6. Biological and Algorithmic Significance

SuperSpike forges a conceptual link between experimentally observed forms of synaptic plasticity and algorithmic principles of credit assignment:

The three-factor rule reflects neuromodulator-gated, voltage- and spike-dependent synaptic updates observed in cortical and subcortical circuits.
Surrogate gradients operationalize the notion that biological neurons respond nonlinearly near threshold, but may exhibit smooth sensitivity profiles under certain conditions.
Feedback alignment results indicate that several degrees of biological approximation—randomized connectivity or error broadcasting—can support learning of simple tasks, but targeted error signals are necessary for deep, nonlinear mappings.

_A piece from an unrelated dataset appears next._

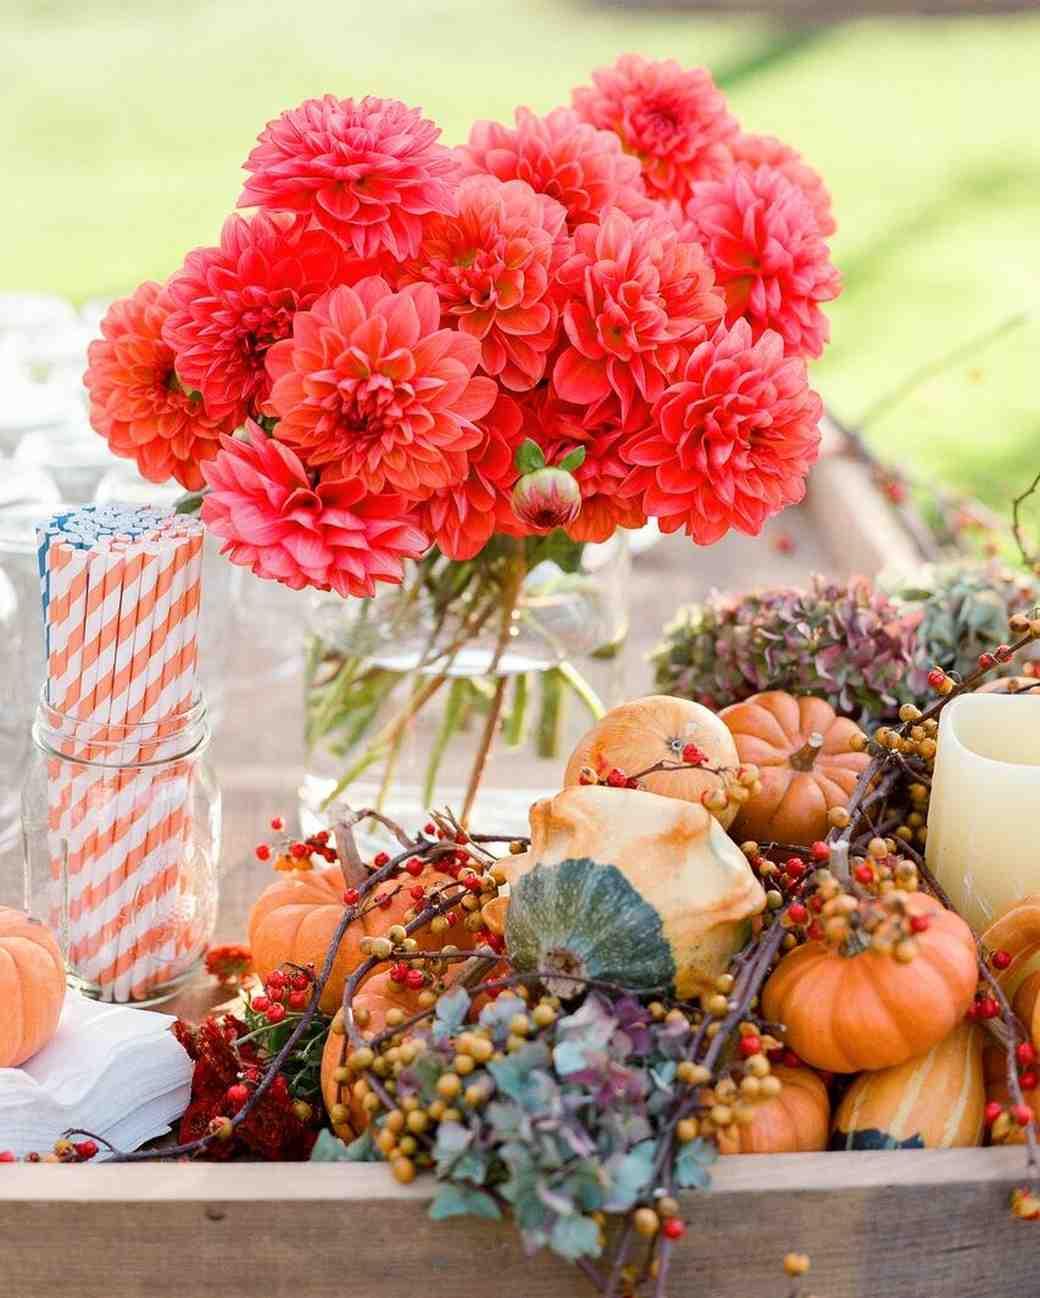 Fall Wedding Ideas Table Decorations: 33 Pumpkin Ideas For Fall Weddings

This suggests possible directions both for improved neuromorphic SNN training and for understanding credit assignment mechanisms in biological networks (Zenke et al., 2017, Neftci et al., 2019).

7. References and Implementations

Foundational descriptions and detailed implementations of SuperSpike are provided in:

F. Zenke & S. Ganguli, "SuperSpike: Supervised Learning in Multilayer Spiking Neural Networks", Neural Computation, 2018 (Zenke et al., 2017).
J. Kaiser et al., "Synaptic Plasticity for Deep Continuous Local Learning", (Madadi et al., 2018), 2018.
Tutorials and practical guidance for surrogate-gradient SNNs are detailed in "Surrogate Gradient Learning in Spiking Neural Networks" (Neftci et al., 2019).